(Beginning of Data section)

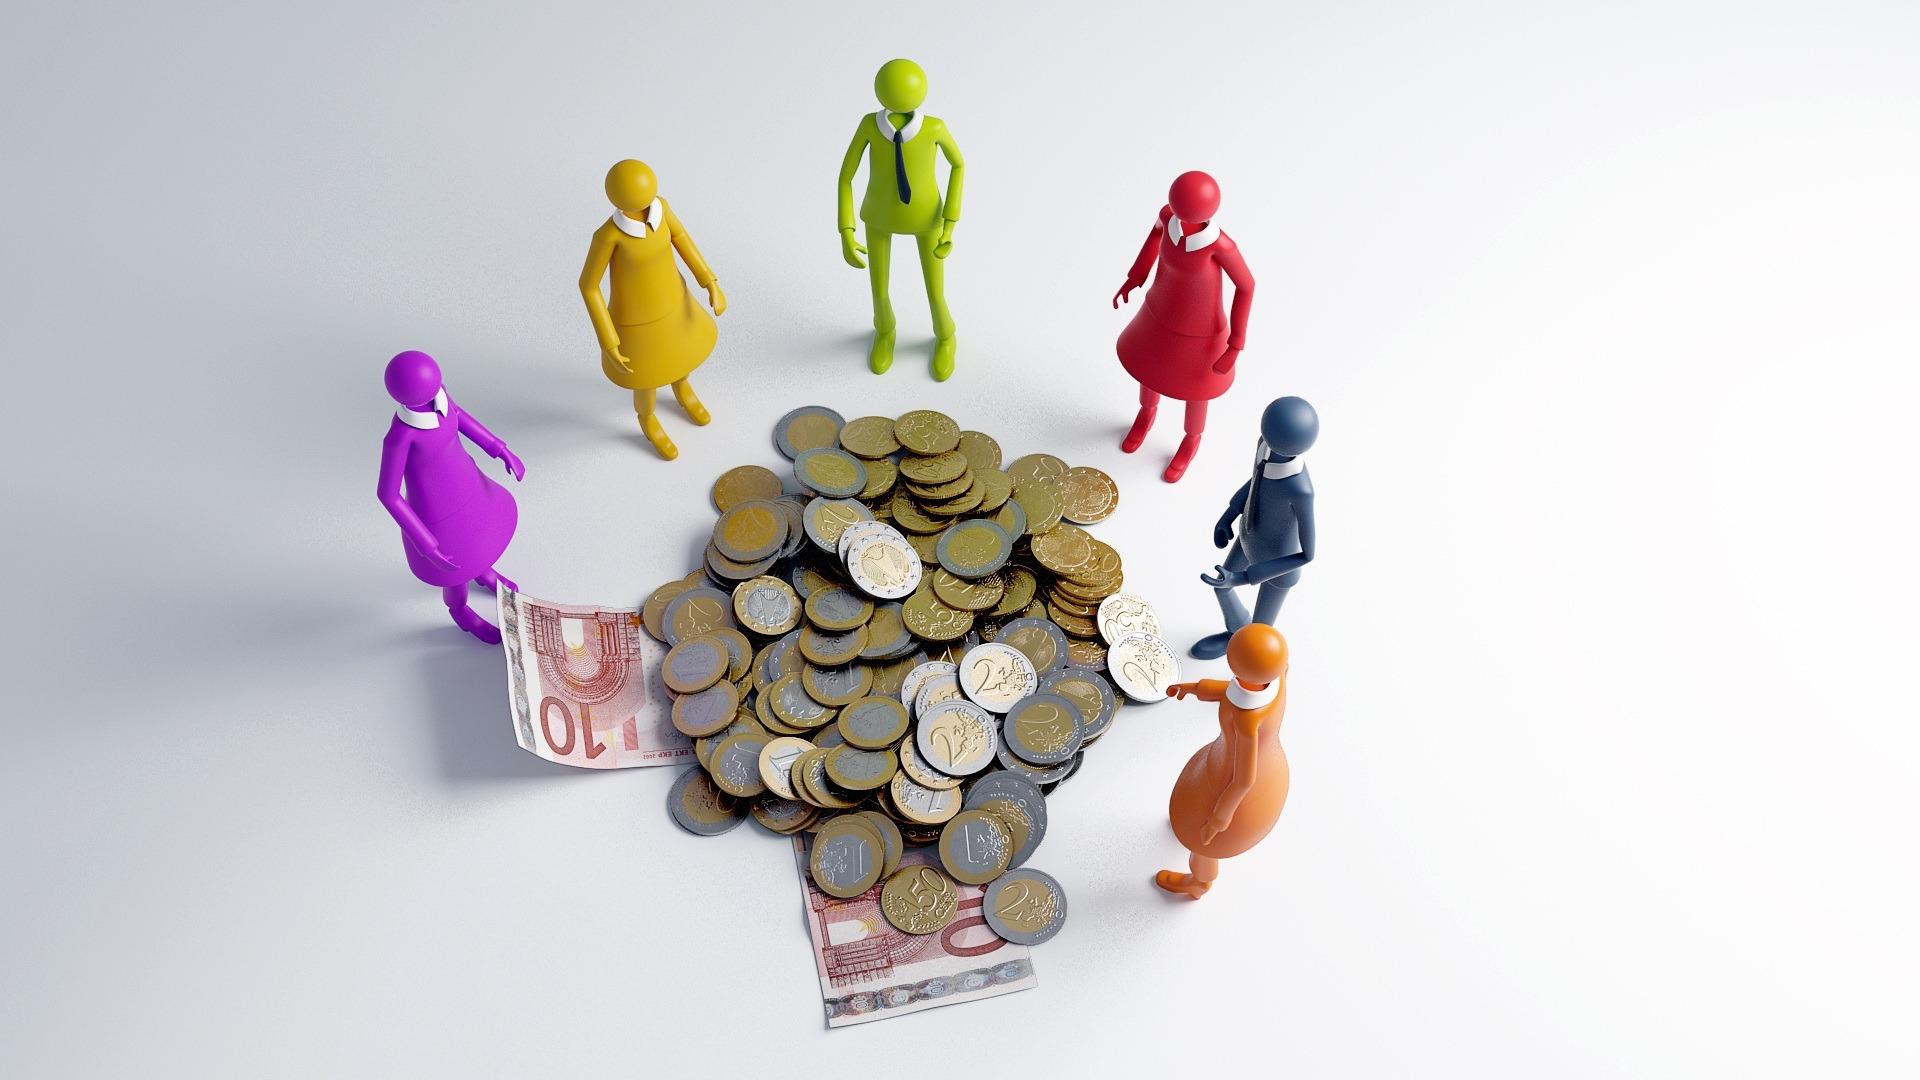 Crowdfunding-Gesetz: Eine Erfolgsgeschichte?
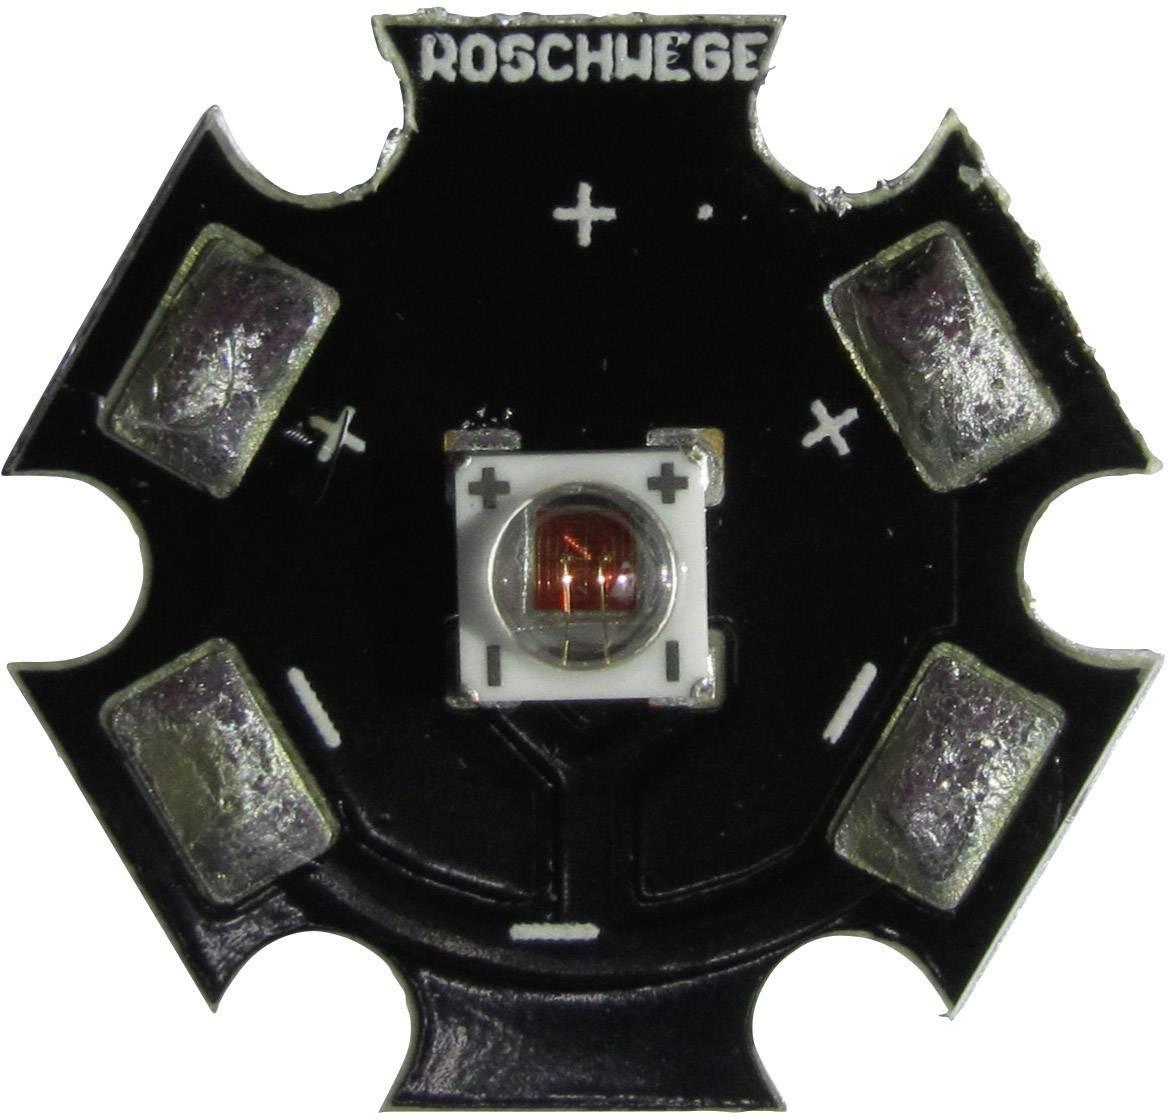 HighPower LED Roschwege 10 W, 11.2 V, 1000 mA, sýto červená
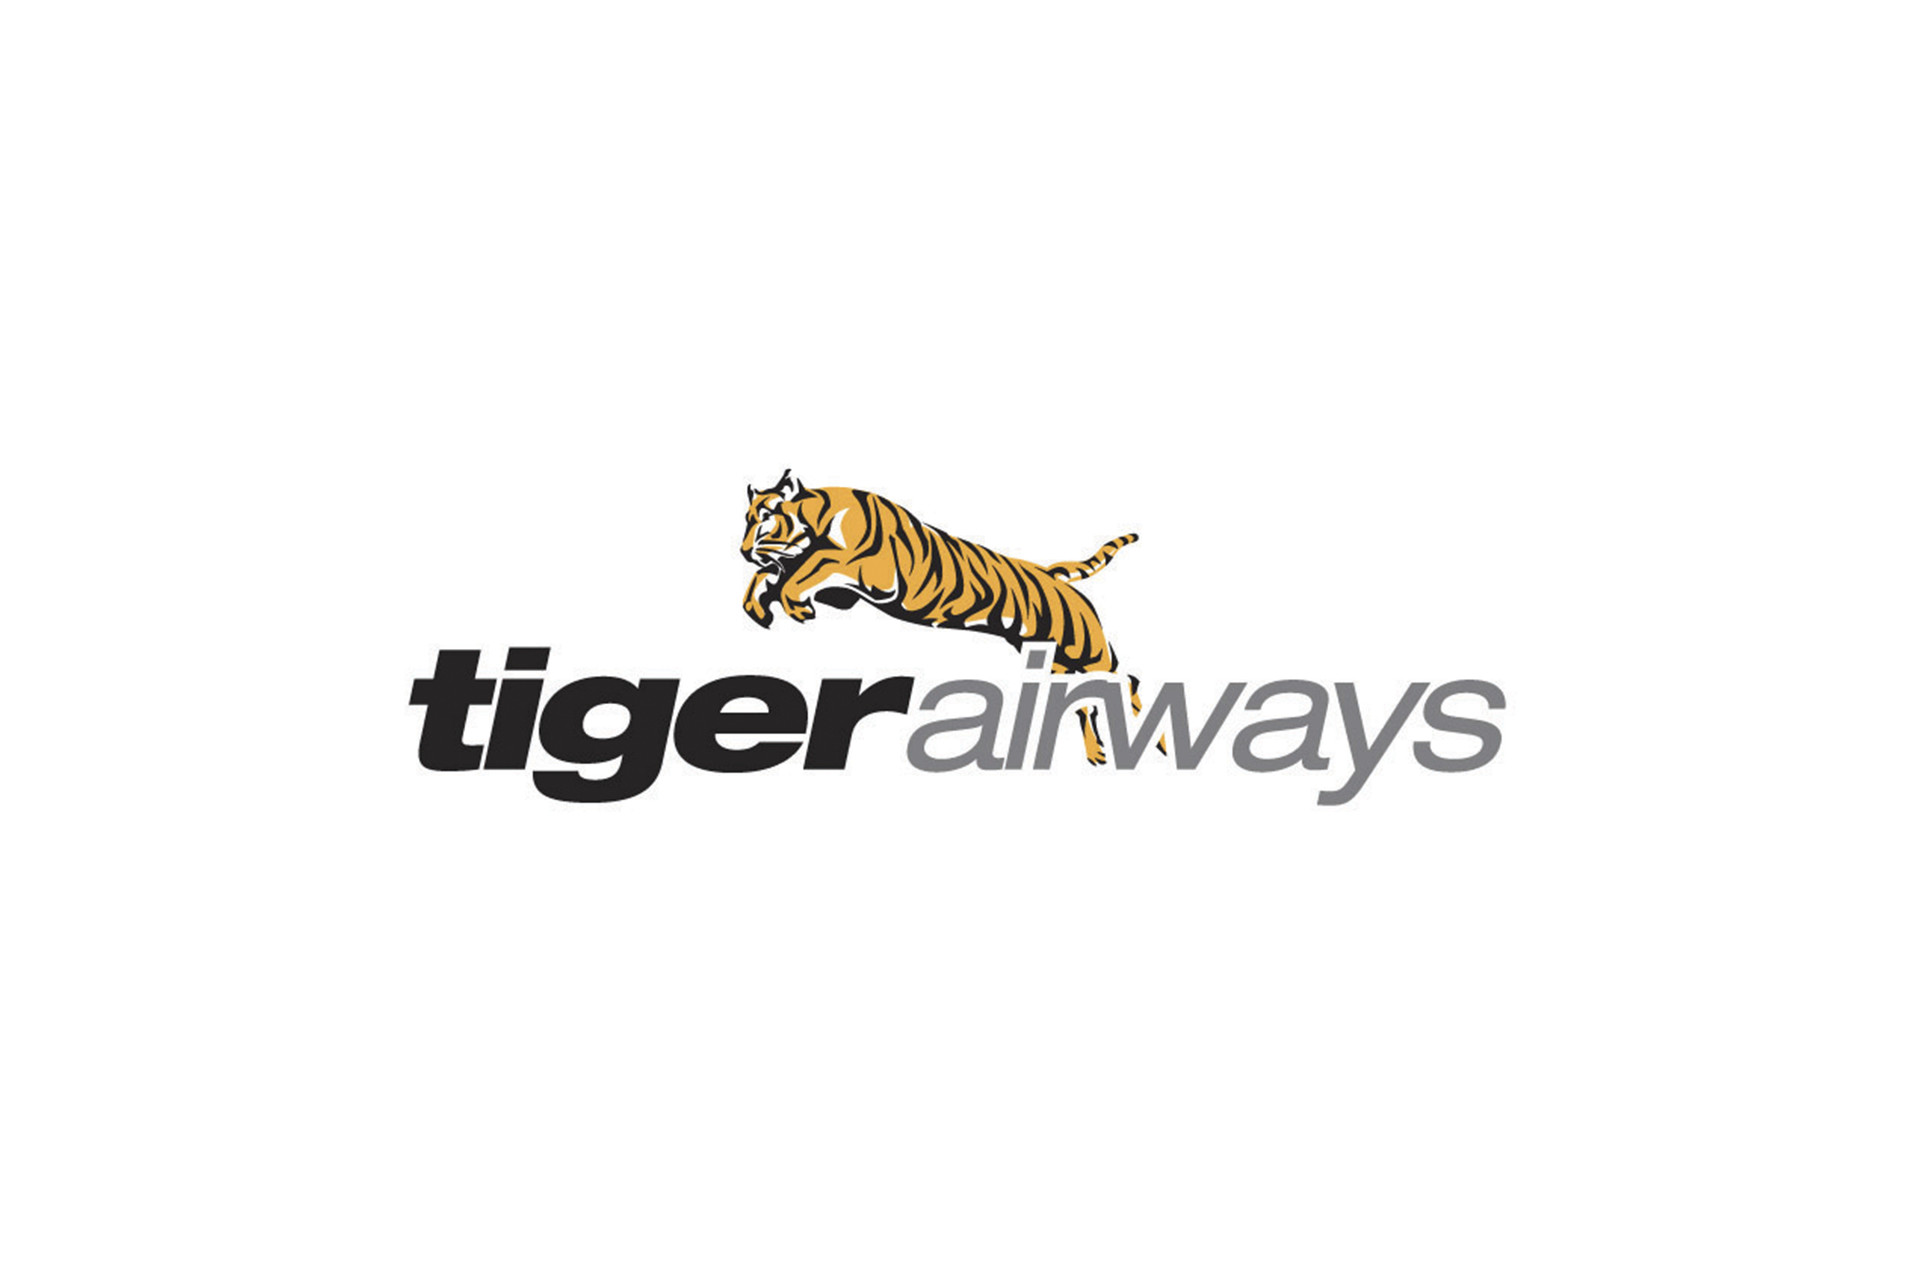 tiger airlines psstudios
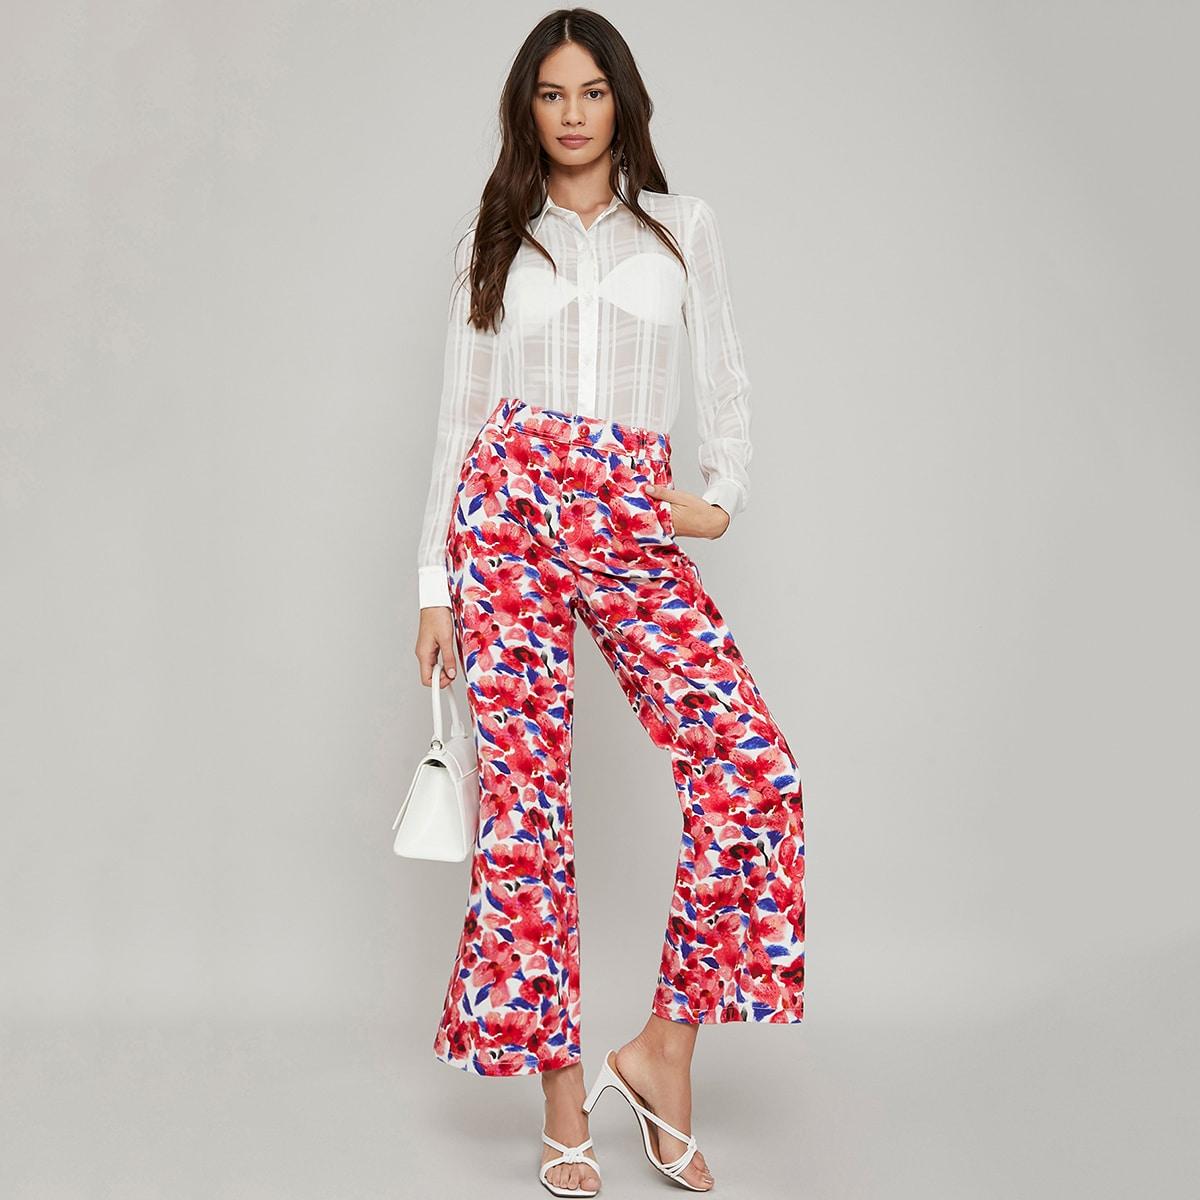 Расклешенные брюки из 100% хлопка с цветочным принтом

(End of Data section)

Task prompt:
Everything in the listing except the pictures must be reproduced exactly.

Response area:
 Crowdfunding-Gesetz: Eine Erfolgsgeschichte?
 HighPower LED Roschwege 10 W, 11.2 V, 1000 mA, sýto červená
 tiger airlines psstudios
 Расклешенные брюки из 100% хлопка с цветочным принтом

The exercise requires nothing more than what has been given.